The Chinook Music store is set up in a way where customers can buy either a whole album or a collection of one or more individual tracks. Currently Chinook is not allowing people to buy albums and individual tracks in the same order. Management is considering a new strategy - purchase only the most popular tracks from each album from record companies instead of purchasing every track from an album. 

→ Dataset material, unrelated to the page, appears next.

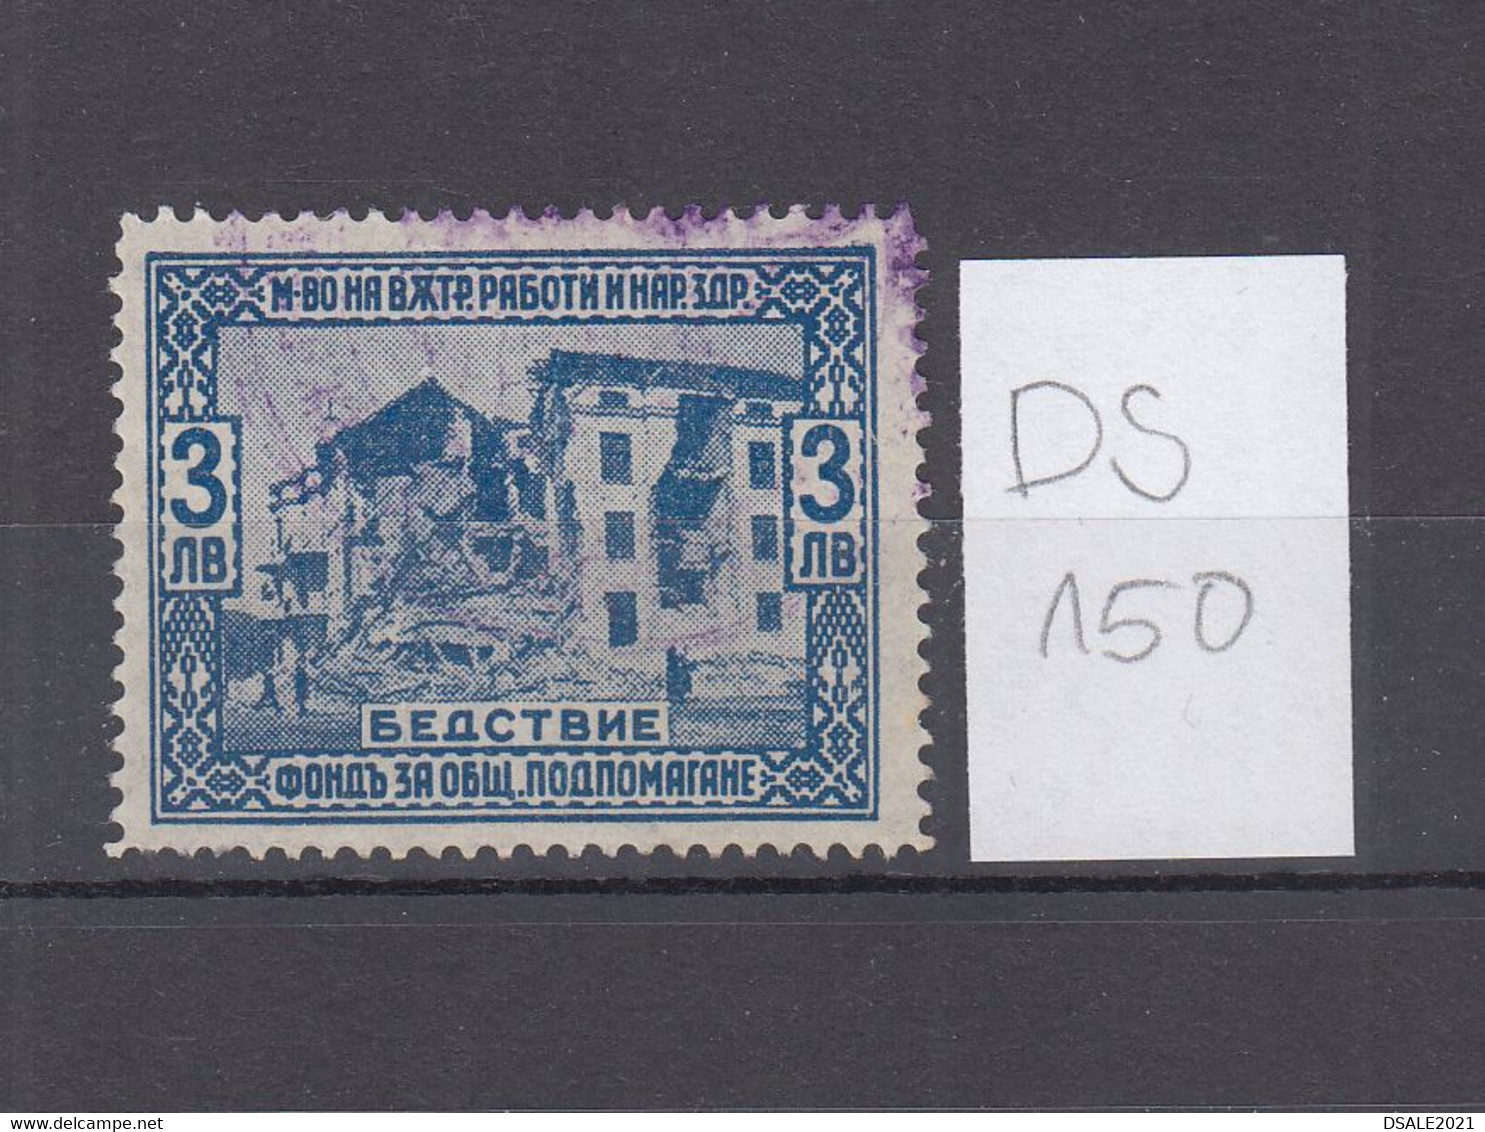 Bulgaria Bulgarie Bulgarije 1930s Disaster Fund 3Lv. Fiscal Revenue Stamp Bulgarian Revenues (ds150) - Timbres De Service

This section, I will be figuring out the percentage of albums vs. individual tracks sold. 

In [40]:
%%sql

WITH invoice_first_track AS 
    ( 
        SELECT 
            il.invoice_id,
            MIN(il.track_id) first_track, 
            t.album_id
        FROM invoice_line il
        INNER JOIN track t ON il.track_id = t.track_id
        GROUP BY 1
    )
    
SELECT 
    album_purchase,
    COUNT(invoice_id) invoice_count,
    CAST(COUNT(invoice_id) AS FLOAT) / ( SELECT COUNT(*)
                                         FROM invoice) percent
FROM 
    (SELECT ifs.*,
            CASE
                WHEN 
                    (
                  SELECT t.track_id FROM track t
                  WHERE t.album_id = (
                                      SELECT t2.album_id FROM track t2
                                      WHERE t2.track_id = ifs.first_track
                                     ) 

                  EXCEPT 

                  SELECT il2.track_id FROM invoice_line il2
                  WHERE il2.invoice_id = ifs.invoice_id
                 ) IS NULL
             AND
                 (
                  SELECT il2.track_id FROM invoice_line il2
                  WHERE il2.invoice_id = ifs.invoice_id

                  EXCEPT 

                  SELECT t.track_id FROM track t
                  WHERE t.album_id = (
                                      SELECT t2.album_id FROM track t2
                                      WHERE t2.track_id = ifs.first_track
                                     ) 
                 ) IS NULL
             THEN "yes"
             ELSE "no"
         END AS "album_purchase"
     FROM invoice_first_track ifs
    )
GROUP BY album_purchase;

Done.


album_purchase,invoice_count,percent
no,500,0.8143322475570033
yes,114,0.1856677524429967


**Recommendation:**

Given that 18.5% of sales are entire album purchases, Chinook should not phase out their current business strategy and implement the new strategy where they buy only the most popular tracks from each album from record companies. Chinook could lose up to 20% of their revenue.